### WHAT YOU SHOULD DO
Your task is to return exactly the lines that run from the one containing "DEPS Paper Release Form" through the end of the listing below, without any pictures.

### DATA SEGMENT
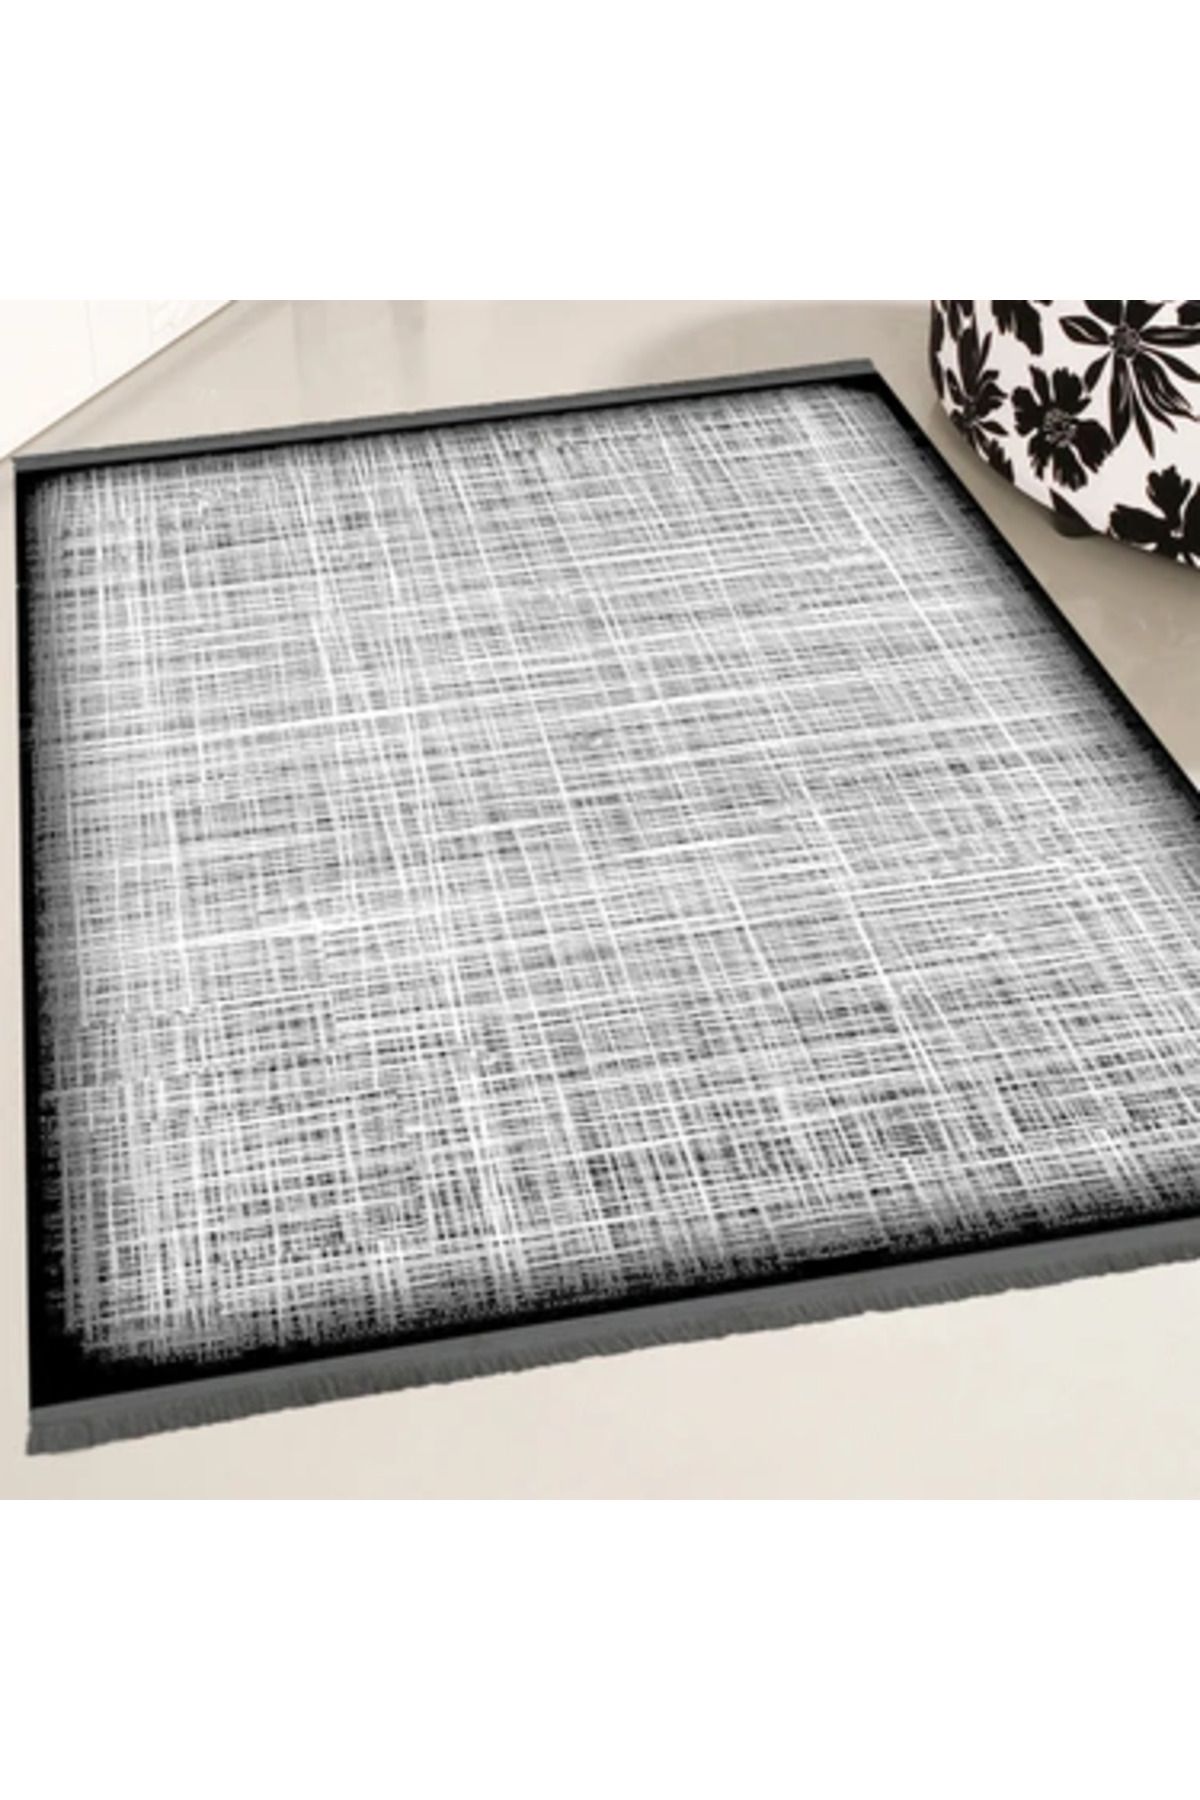 Emka halı bamboo dark serisi 1506 siyah makine halısı
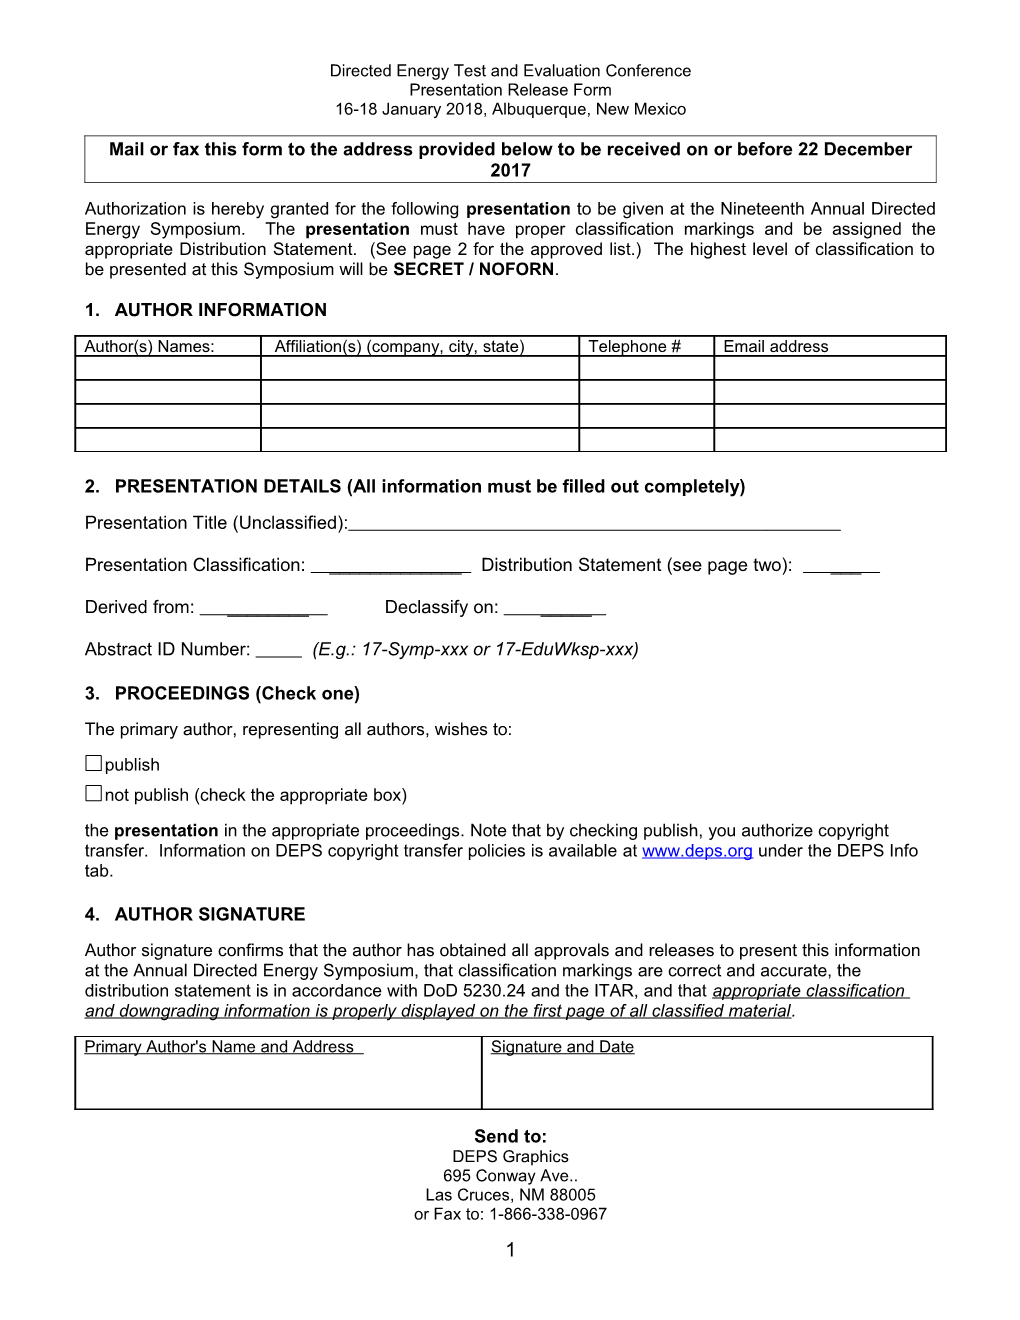 DEPS Paper Release Form
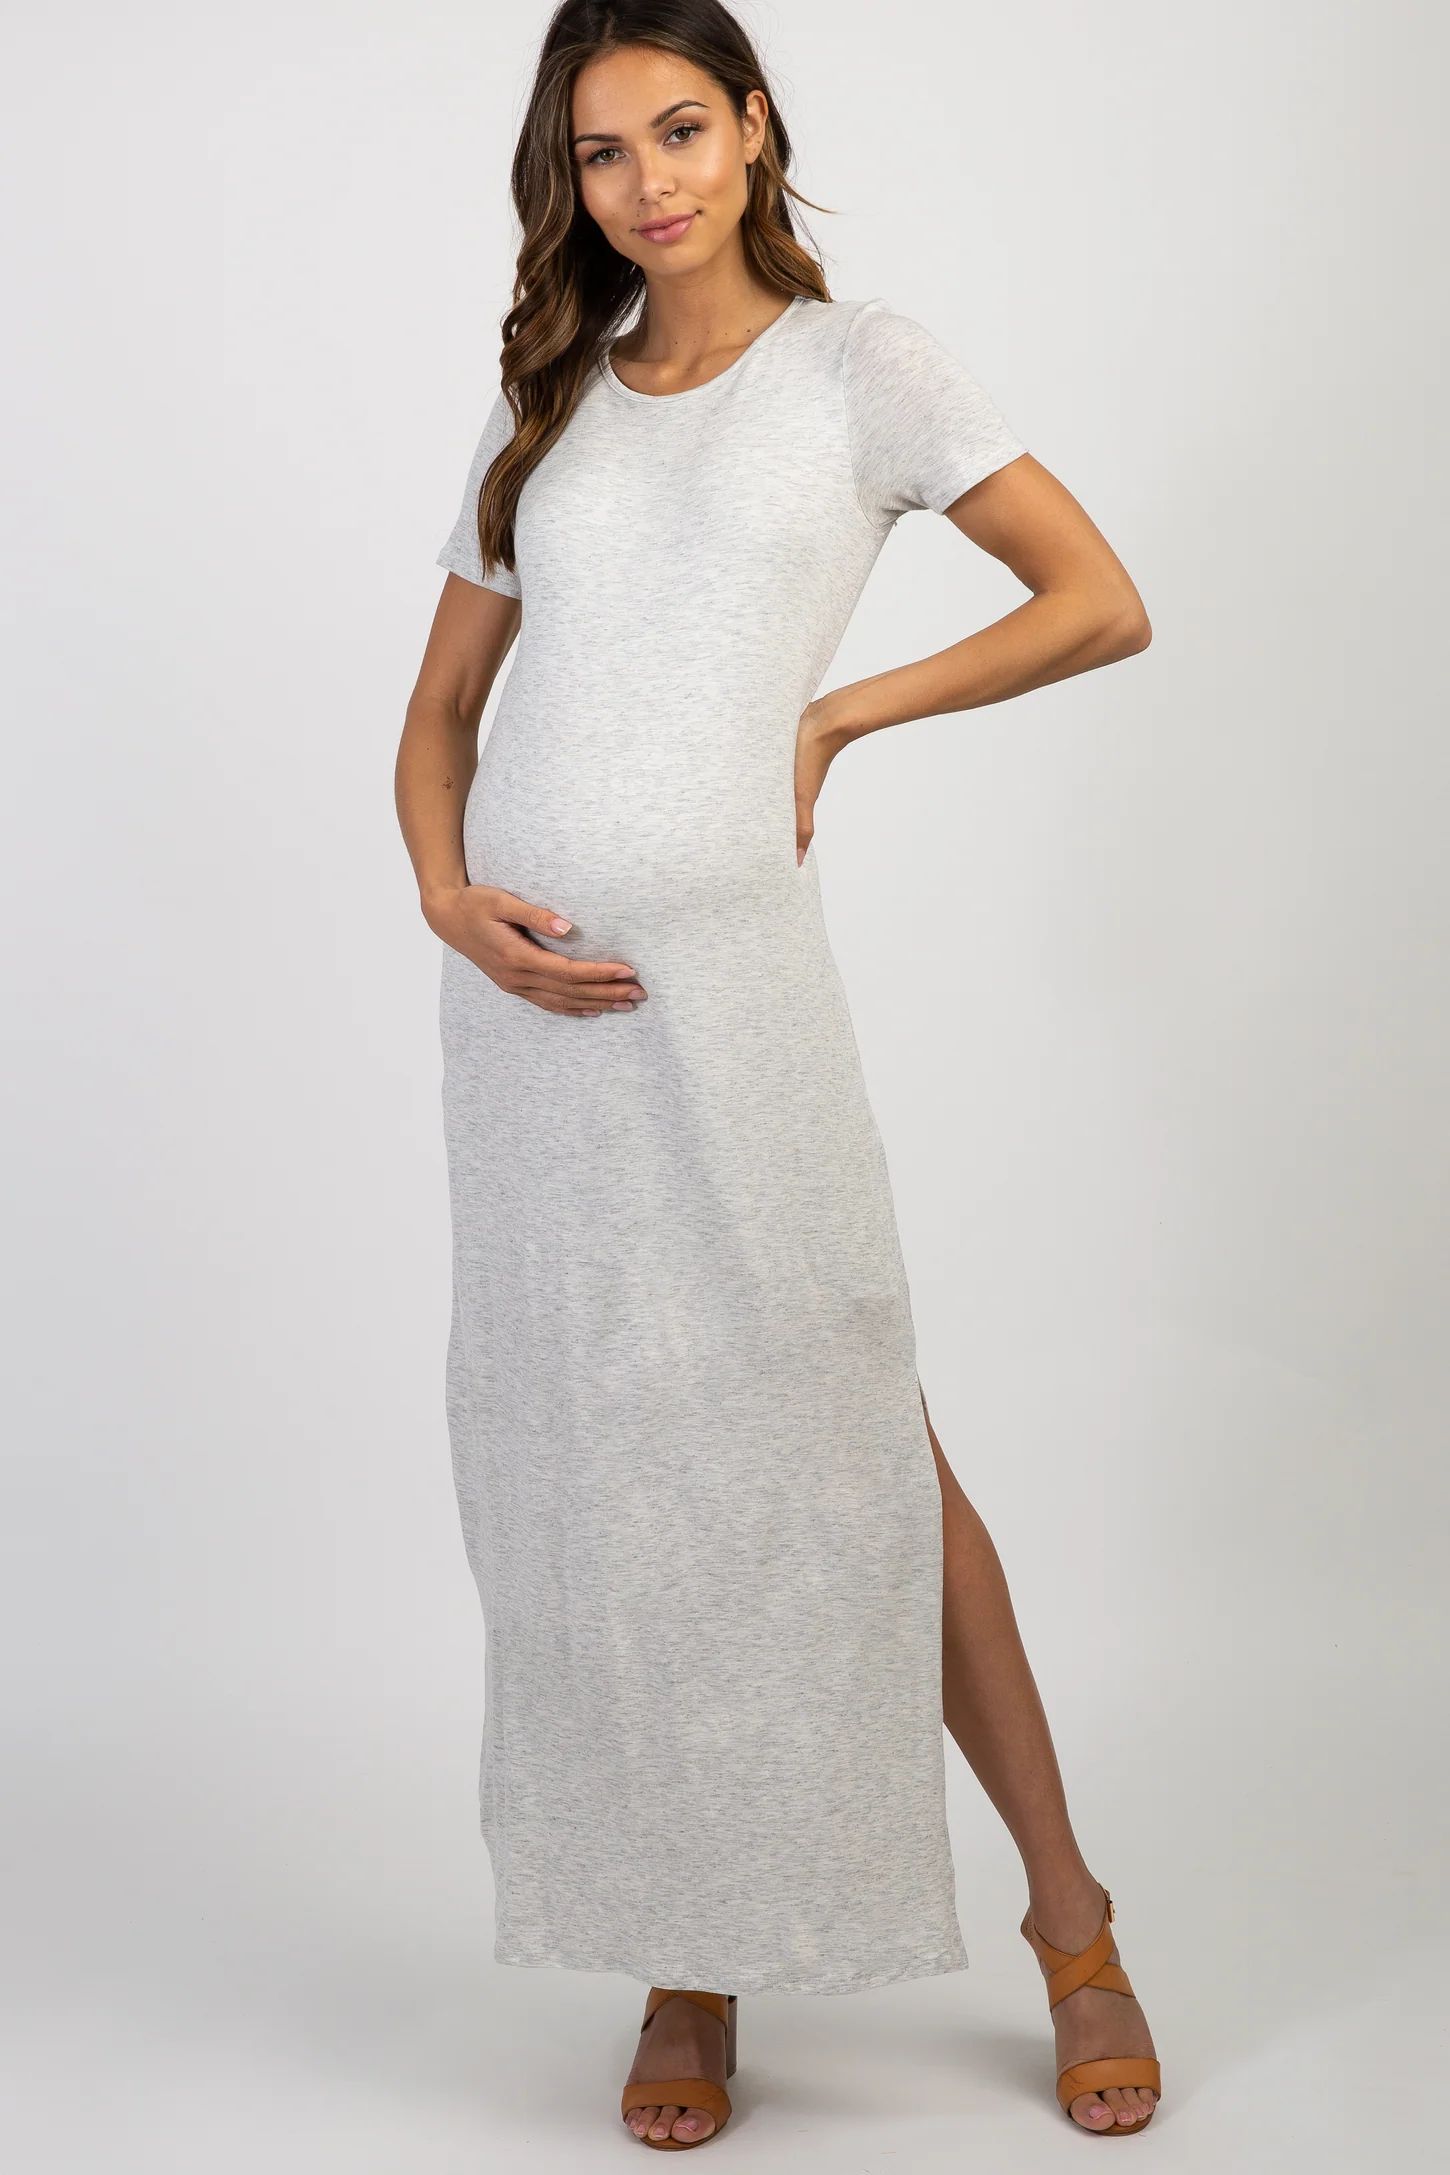 PinkBlush Grey Basic Side Slit Maternity Maxi Dress | PinkBlush Maternity
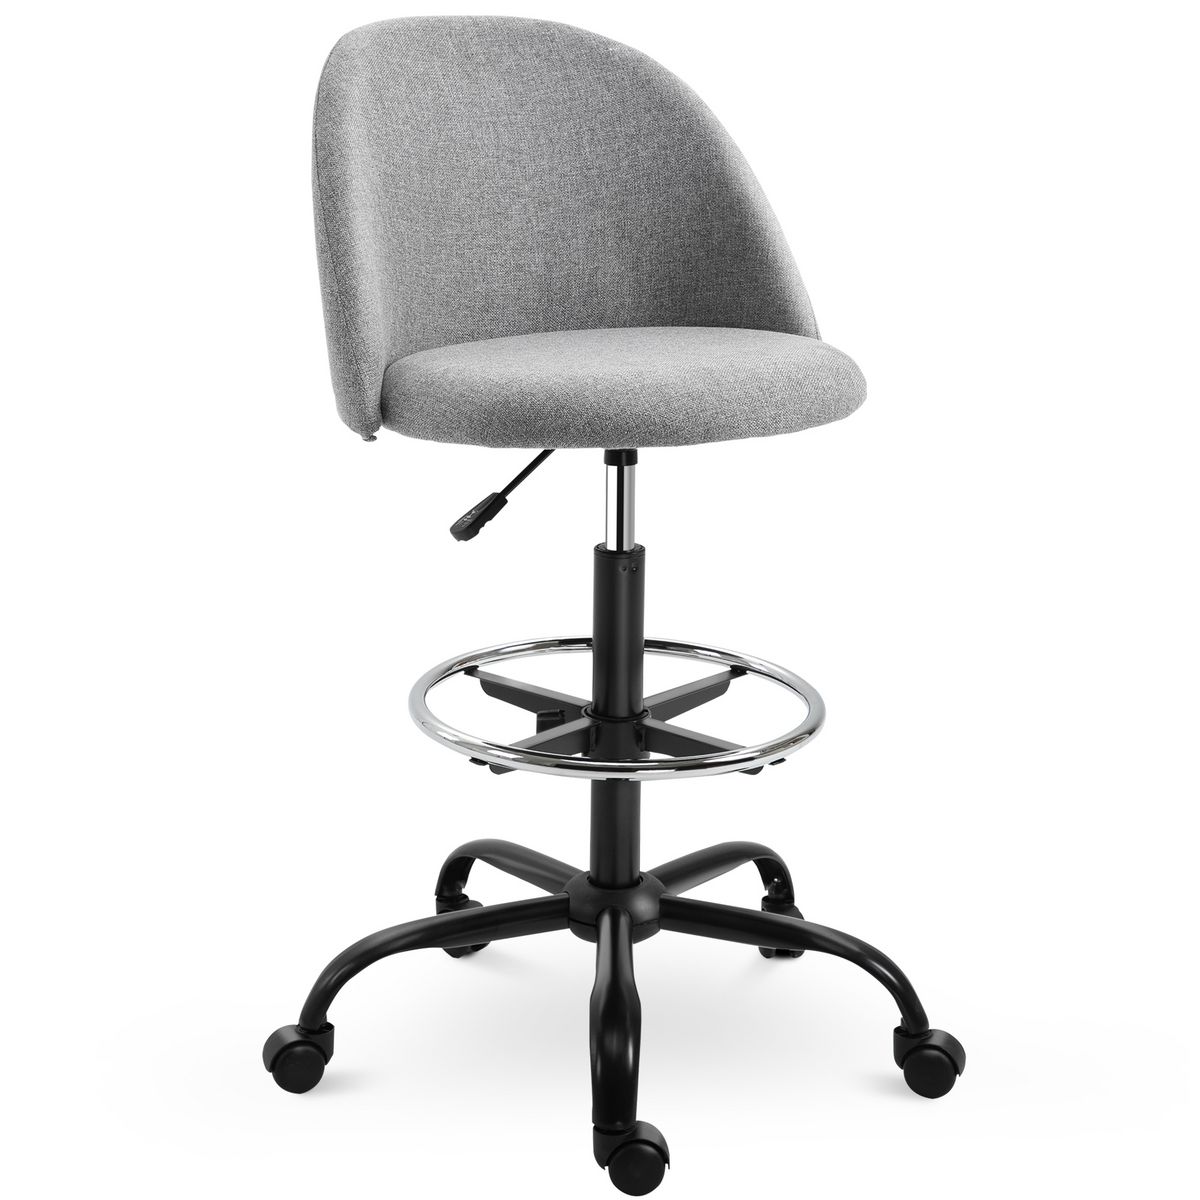 VINSETTO Vinsetto Chaise de bureau assise haute réglable 103-123H cm pivotant 360° lin gris

### OUTPUT BELOW
 DEPS Paper Release Form
 PinkBlush Grey Basic Side Slit Maternity Maxi Dress | PinkBlush Maternity
 VINSETTO Vinsetto Chaise de bureau assise haute réglable 103-123H cm pivotant 360° lin gris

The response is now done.